= Dataset extract =
Segment Open

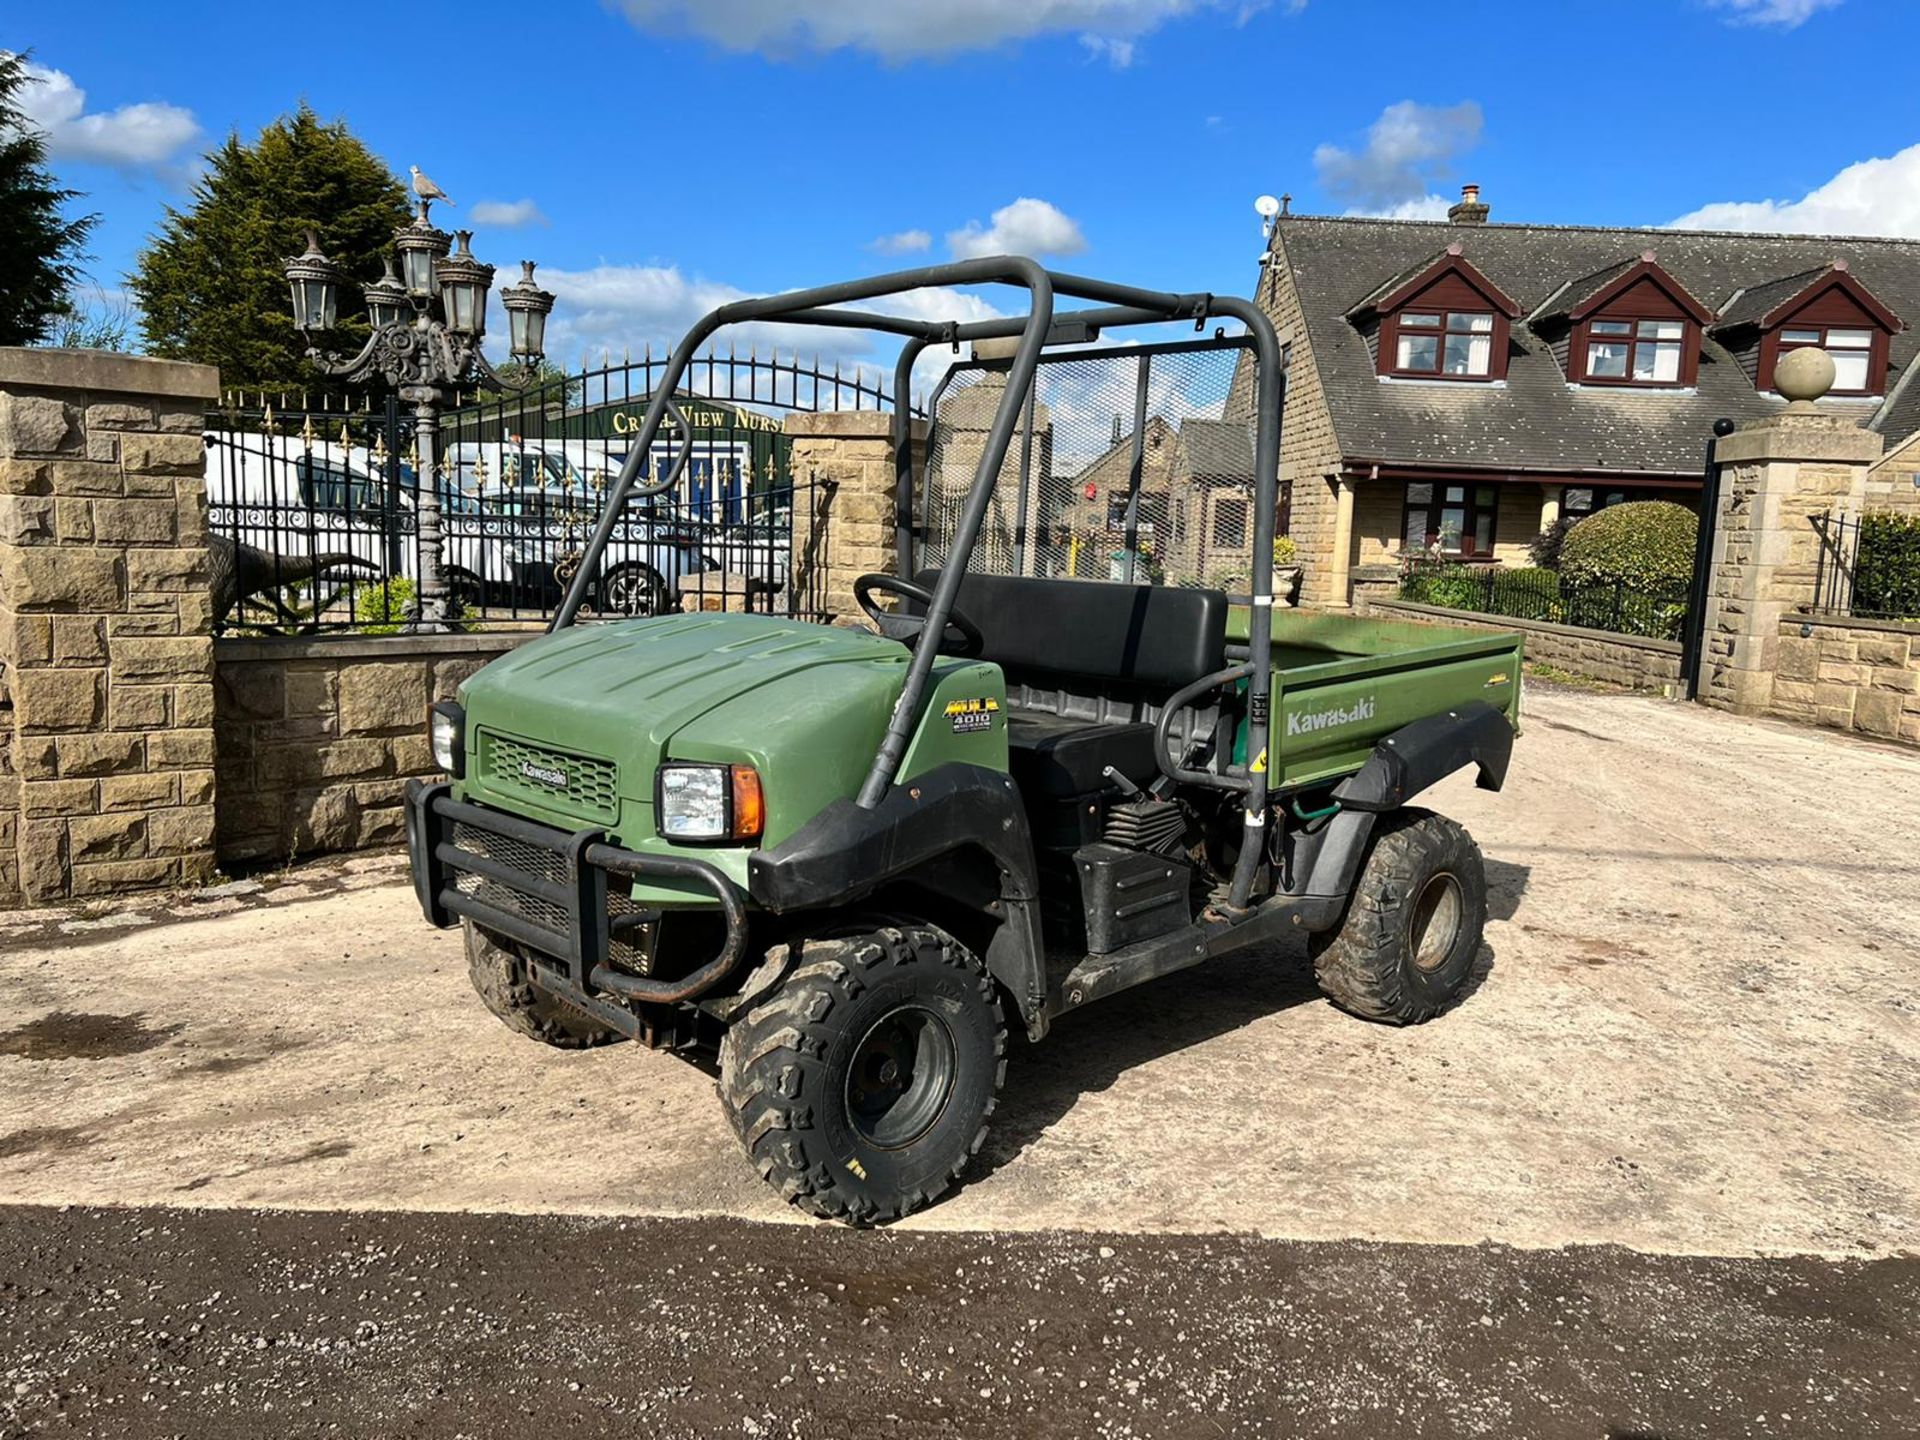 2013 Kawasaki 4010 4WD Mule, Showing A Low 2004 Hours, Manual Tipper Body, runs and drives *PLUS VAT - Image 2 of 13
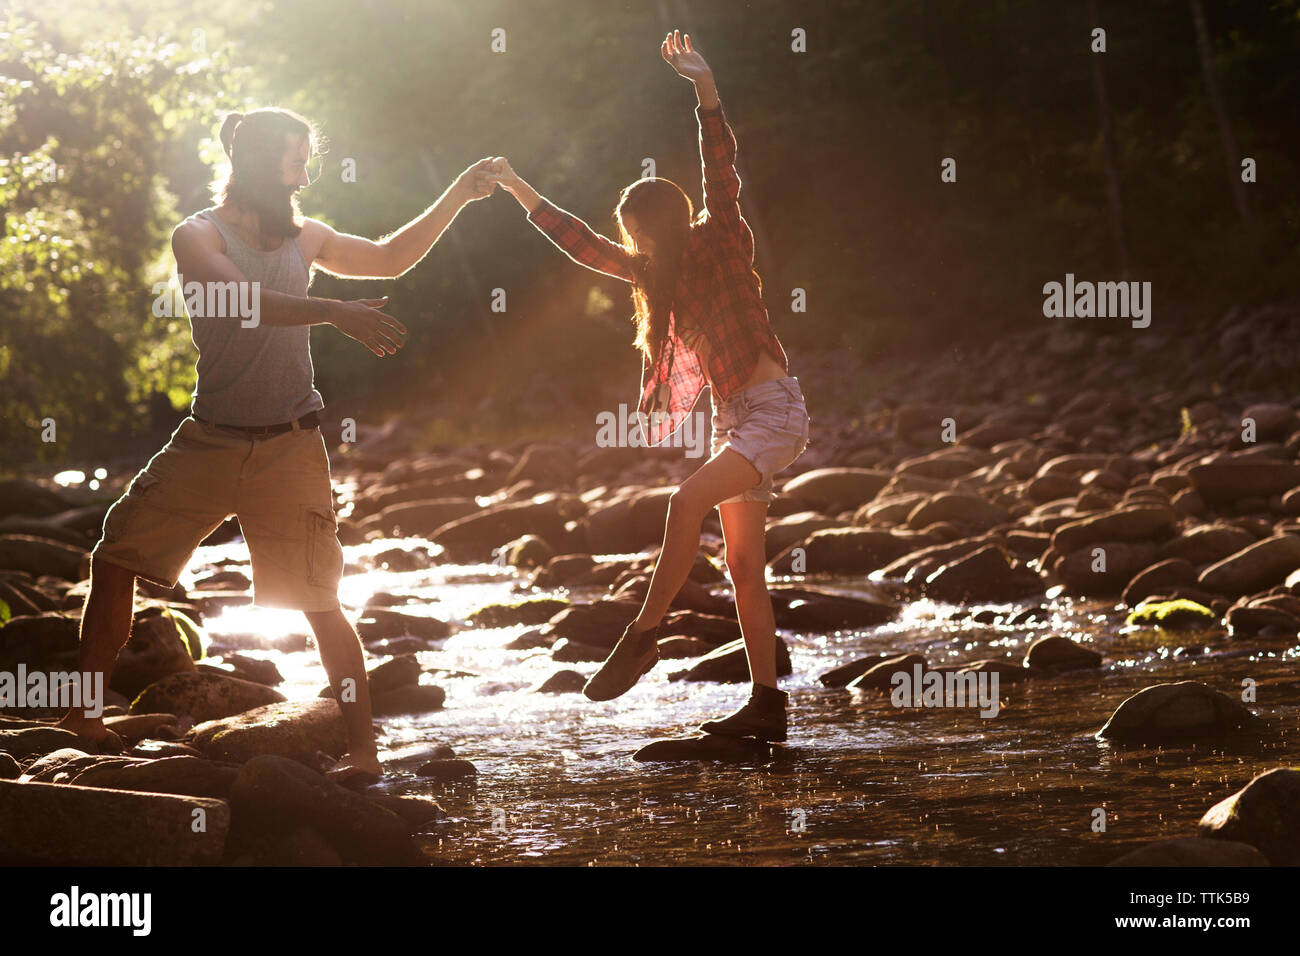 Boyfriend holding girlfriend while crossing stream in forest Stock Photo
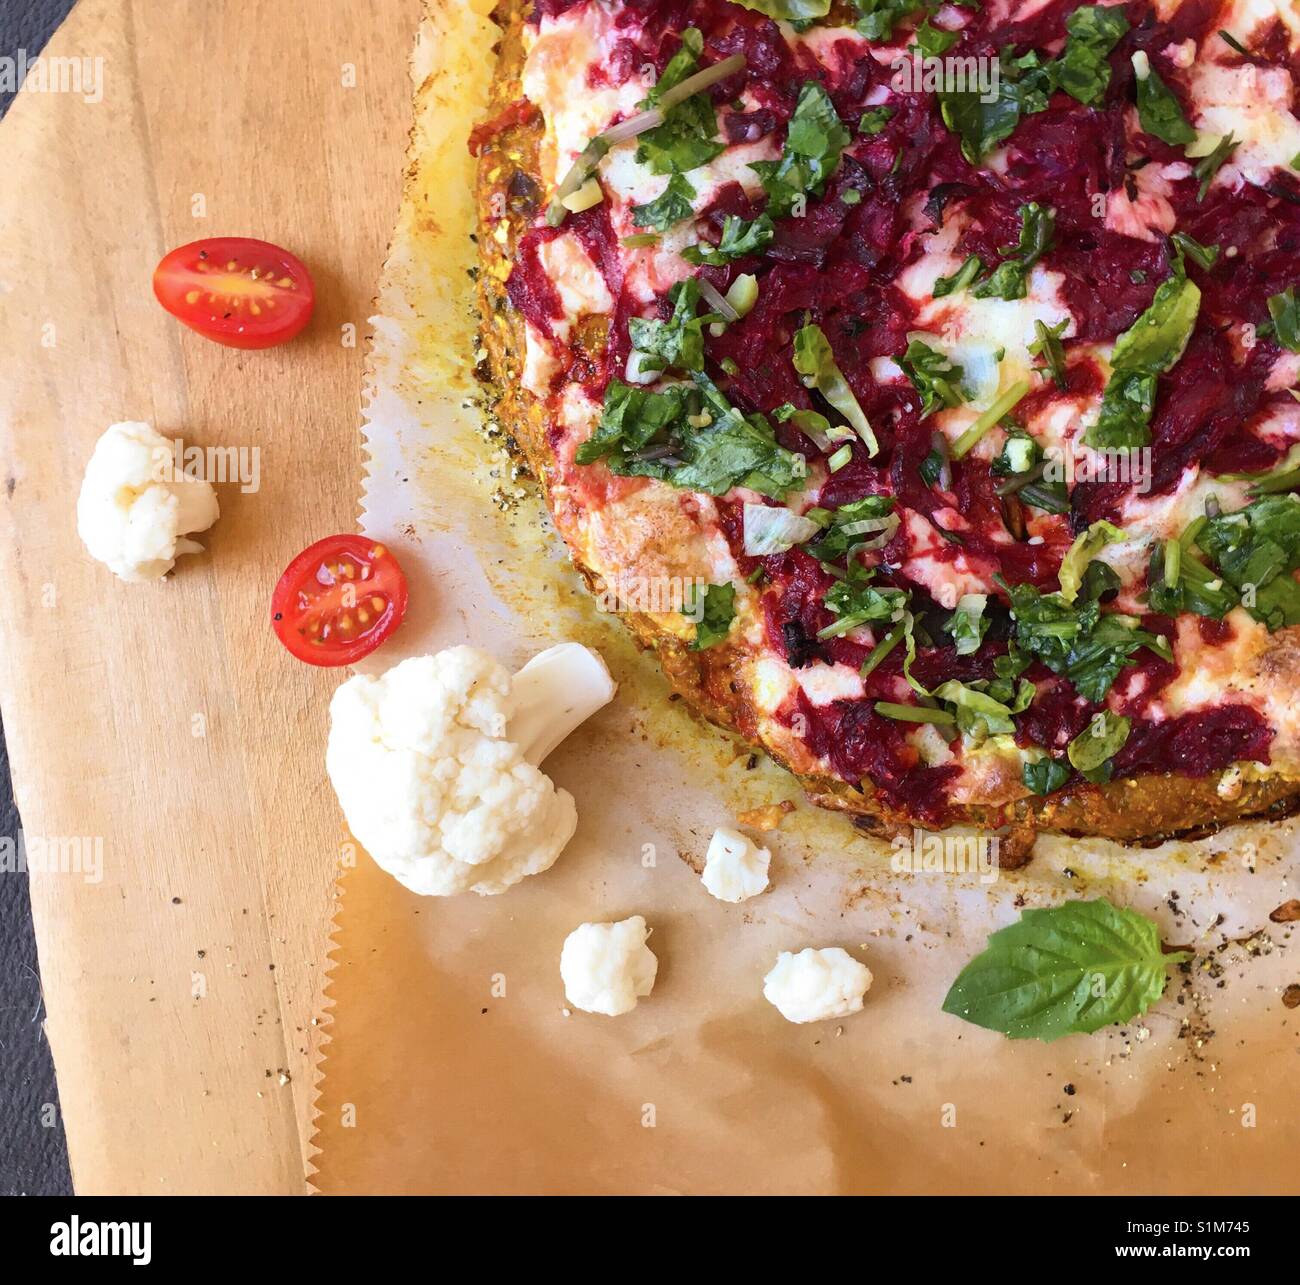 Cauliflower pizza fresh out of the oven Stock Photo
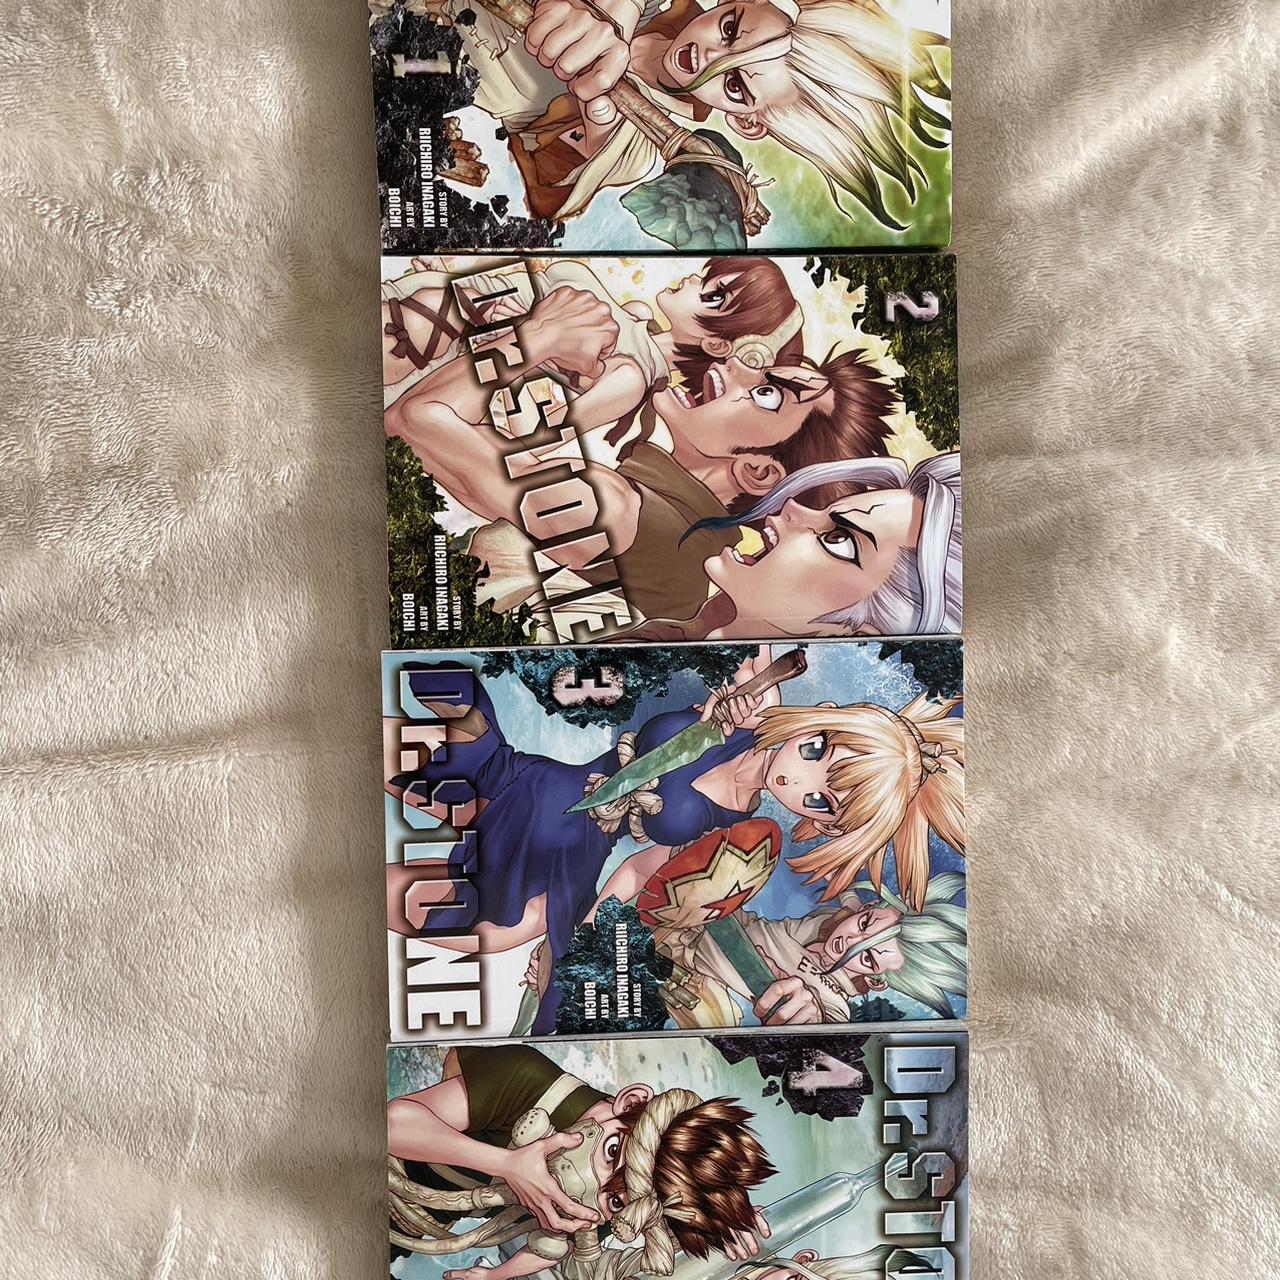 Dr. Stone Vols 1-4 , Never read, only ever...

Segment Closed

= Try it =
Return the complete material exactly as it appears, without images.

= Answer to this task =
 2013 Kawasaki 4010 4WD Mule, Showing A Low 2004 Hours, Manual Tipper Body, runs and drives *PLUS VAT - Image 2 of 13
 Boyfriend holding girlfriend while crossing stream in forest Stock Photo
 Cauliflower pizza fresh out of the oven Stock Photo
 Dr. Stone Vols 1-4 , Never read, only ever...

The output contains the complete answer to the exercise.